F1Method.jl Documentation
This package provides an efficient tool to compute gradient and Hessian matrix of an objective function implicitly defined by the solution of a steady-state problem.
Why the F-1 method?
When using Newton-type algorithms for optimization, computing the gradient and Hessian can be computationally expensive. A typical scientific application is to optimize the parameters of a model which solves for a root through another iterative Newton-like algorithm. In this case, there are a number of shortcuts that can be leveraged. This was the motivation for the work of Pasquier et al. (2019, in preparation), and for this package.
Usage
This is an example use of the software. We define a state function, $\boldsymbol{F}(\boldsymbol{x},\boldsymbol{p})$, to which we apply a solver based on Newton's method (for root searching) to find the steady-state solution, $\boldsymbol{x}$, such that $\boldsymbol{F}(\boldsymbol{x},\boldsymbol{p}) = 0$. This defines the steady-state solution as an implicit function of the parameters, $\boldsymbol{p}$. We denote this solution by $\boldsymbol{s}(\boldsymbol{p})$. The Newton solver requires the Jacobian, $\nabla_{\boldsymbol{x}}\boldsymbol{F}$, to update the state iterates. Hence, we start by creating the functions F(x,p)
and ∇ₓF(x,p)
. As an example, we use a simple model with only two state variables and two parameters. (Note here for simplicity we use the ForwardDiff package to evaluate the Jacobian.)
# State function F
F(x,p) = [
-2 * (p[1] - x[1]) - 4 * p[2] * (x[2] - x[1]^2) * x[1]
p[2] * (x[2] - x[1]^2)
]
# Jacobian of F wrt p
∇ₓF(x,p) = ForwardDiff.jacobian(x -> F(x,p), x)
# output
∇ₓF (generic function with 1 method)
We also define a cost function f(x,p)
(that we wish to minimize under the constraint that $\boldsymbol{F}(\boldsymbol{x},\boldsymbol{p}) = 0$). (The F-1 method requires that we provide the derivatives w.r.t. the state, x
, hence the use of ForwardDiff again for this example.)
# Define mismatch function f(x,p) and its derivative ∇ₓf(x,p)
# (Note ∇ₓF and ∇ₓf are required by the F1 method)

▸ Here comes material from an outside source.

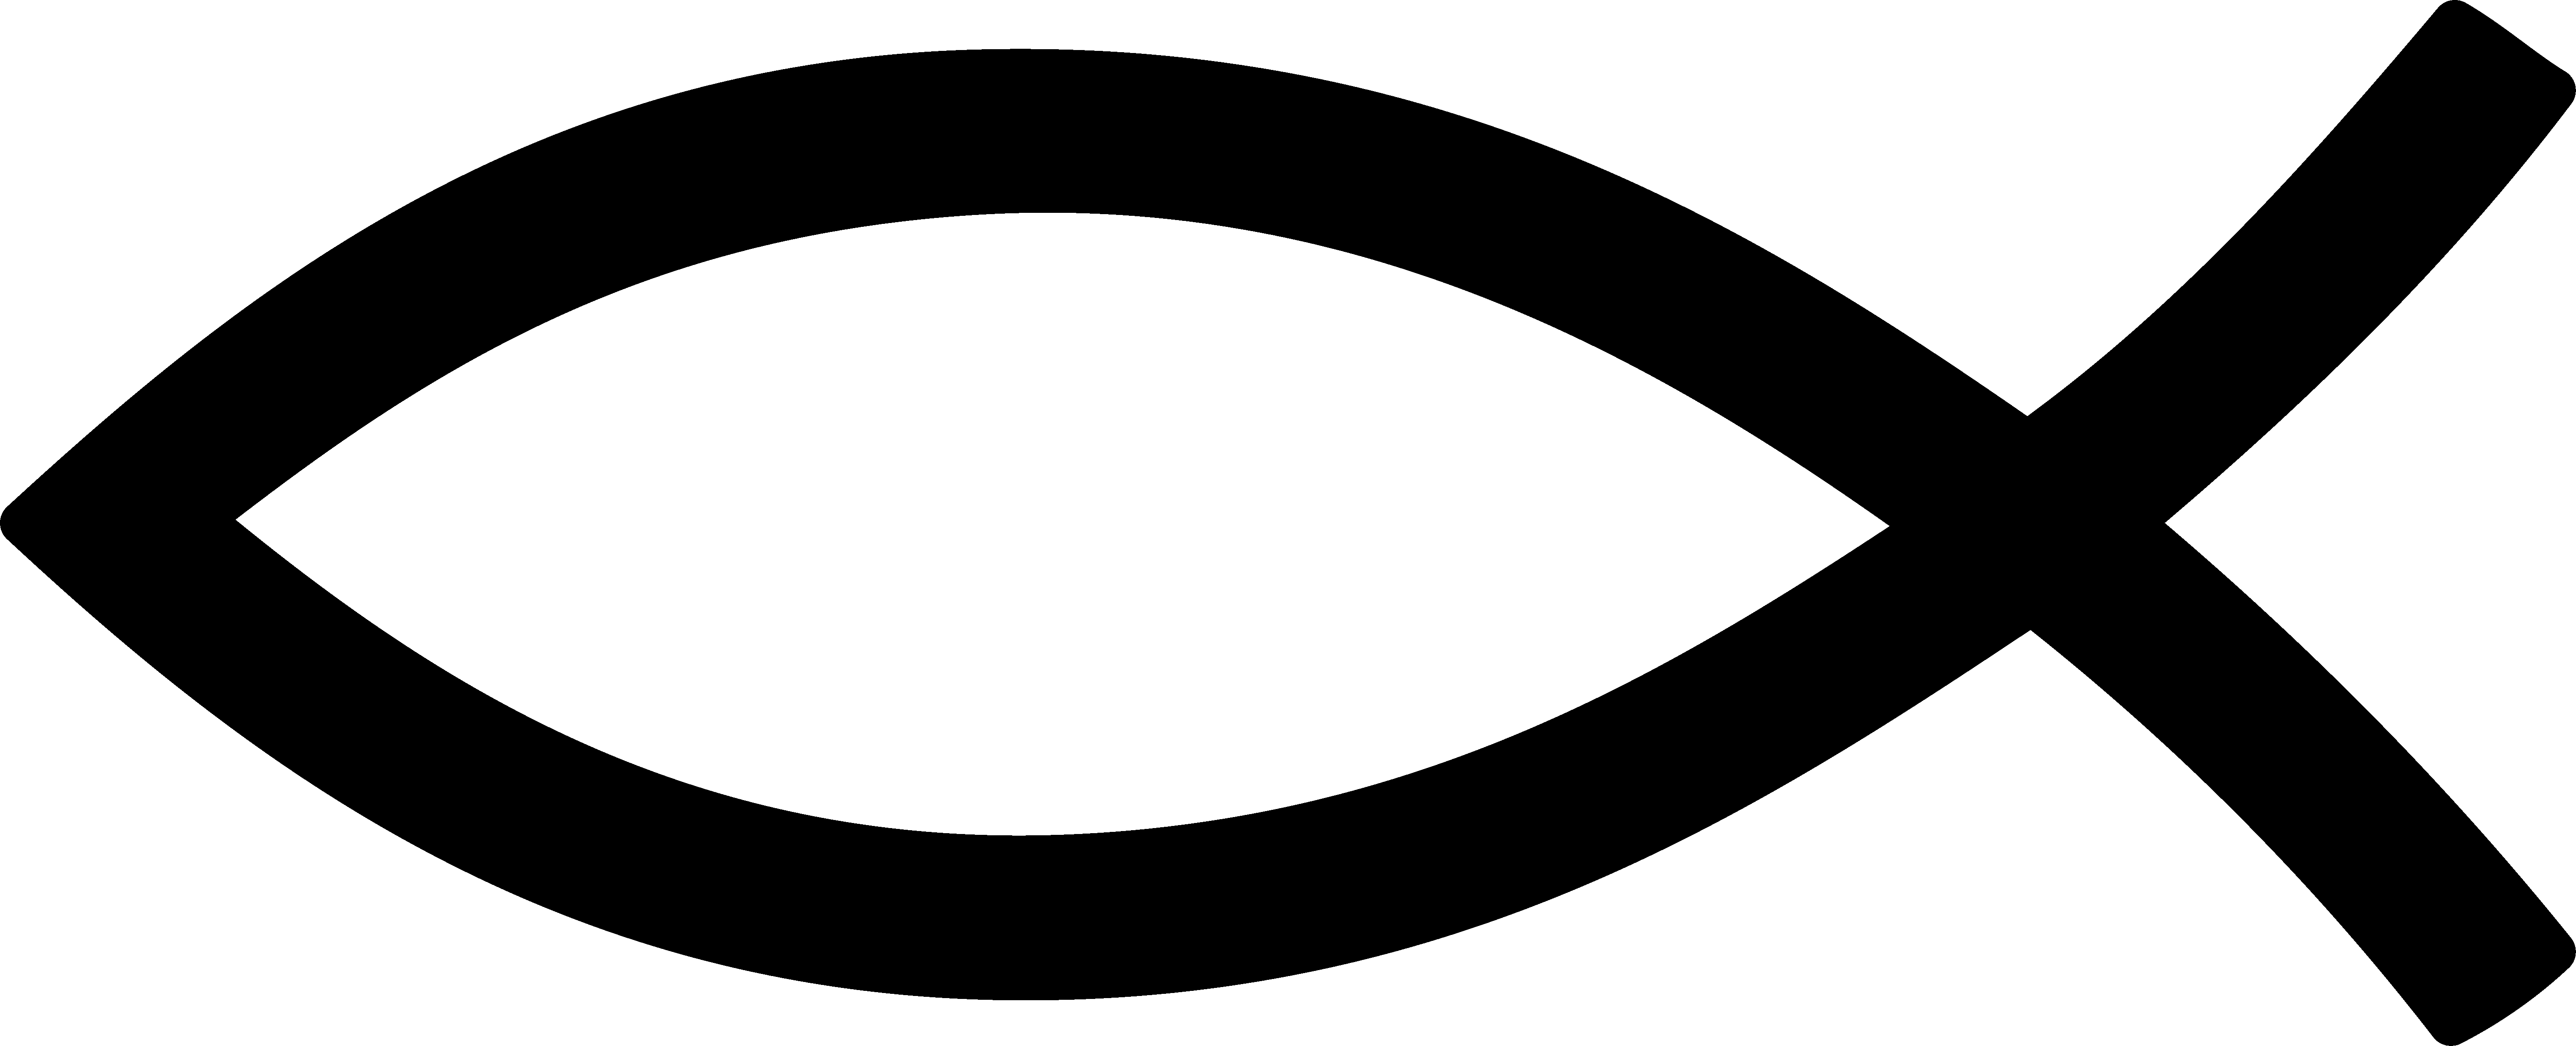 6075x2467 Ichthys Christian Fish Symbol

function state_mismatch(x)
δ(x) = x .- 1
return 0.5δ(x)'δ(x)
end
function parameter_mismatch(p)
δ(p) = log.(p)
return 0.5δ(p)'δ(p)
end
f(x,p) = state_mismatch(x) + parameter_mismatch(p)
∇ₓf(x,p) = ForwardDiff.jacobian(x -> [f(x,p)], x)
# output
∇ₓf (generic function with 1 method)
Once these are set up, we need to let the F-1 method know how to solve for the steady-state. We do this by using the DiffEqBase API. For that, we first write a small Newton solver algorithm, we overload the solve
function from DiffEqBase, and we overload the SteadyStateProblem
constructor.
function newton_solve(F, ∇ₓF, x; Ftol=1e-10)
while norm(F(x)) ≥ Ftol
x .-= ∇ₓF(x) \ F(x)
end
return x
end
# Create a type for the solver's algorithm
struct MyAlg <: DiffEqBase.AbstractSteadyStateAlgorithm end
# Overload DiffEqBase's solve function
function DiffEqBase.solve(prob::DiffEqBase.AbstractSteadyStateProblem,
alg::MyAlg;
Ftol=1e-10)
# Define the functions according to DiffEqBase.SteadyStateProblem type
p = prob.p
t = 0
x0 = copy(prob.u0)
dx, df = copy(x0), copy(x0)
F(x) = prob.f(dx, x, p, t)
∇ₓF(x) = prob.f(df, dx, x, p, t)
# Compute `u_steady` and `resid` as per DiffEqBase using my algorithm
x_steady = newton_solve(F, ∇ₓF, x0, Ftol=Ftol)
resid = F(x_steady)
# Return the common DiffEqBase solution type
DiffEqBase.build_solution(prob, alg, x_steady, resid; retcode=:Success)
end
# Overload DiffEqBase's SteadyStateProblem constructor
function DiffEqBase.SteadyStateProblem(F, ∇ₓF, x, p)
f(dx, x, p, t) = F(x, p)
f(df, dx, x, p, t) = ∇ₓF(x, p)
return DiffEqBase.SteadyStateProblem(f, x, p)
end
# output
We chose an initial value for the state, x
, and the parameters, p
:
x₀, p₀ = [1.0, 2.0], [3.0, 4.0]
# output
([1.0, 2.0], [3.0, 4.0])
Finally, we wrap the objective, gradient, and Hessian functions defined by the F-1 method.
# Initialize the cache for storing reusable objects
mem = F1Method.initialize_mem(x₀, p₀)
# Define the functions via the F1 method
F1_objective(p) = F1Method.objective(f, F, ∇ₓF, mem, p, MyAlg())
F1_gradient(p) = F1Method.gradient(f, F, ∇ₓf, ∇ₓF, mem, p, MyAlg())
F1_Hessian(p) = F1Method.hessian(f, F, ∇ₓf, ∇ₓF, mem, p, MyAlg())
# output
F1_Hessian (generic function with 1 method)
We can now use these directly to compute objective, gradient, and Hessian:
F1_objective(p₀)
# output
35.56438050824269
F1_gradient(p₀)
# output
1×2 Array{Float64,2}:
50.3662 0.346574
F1_Hessian(p₀)
# output
2×2 Array{Float64,2}:
52.989 0.0
0.0 -0.0241434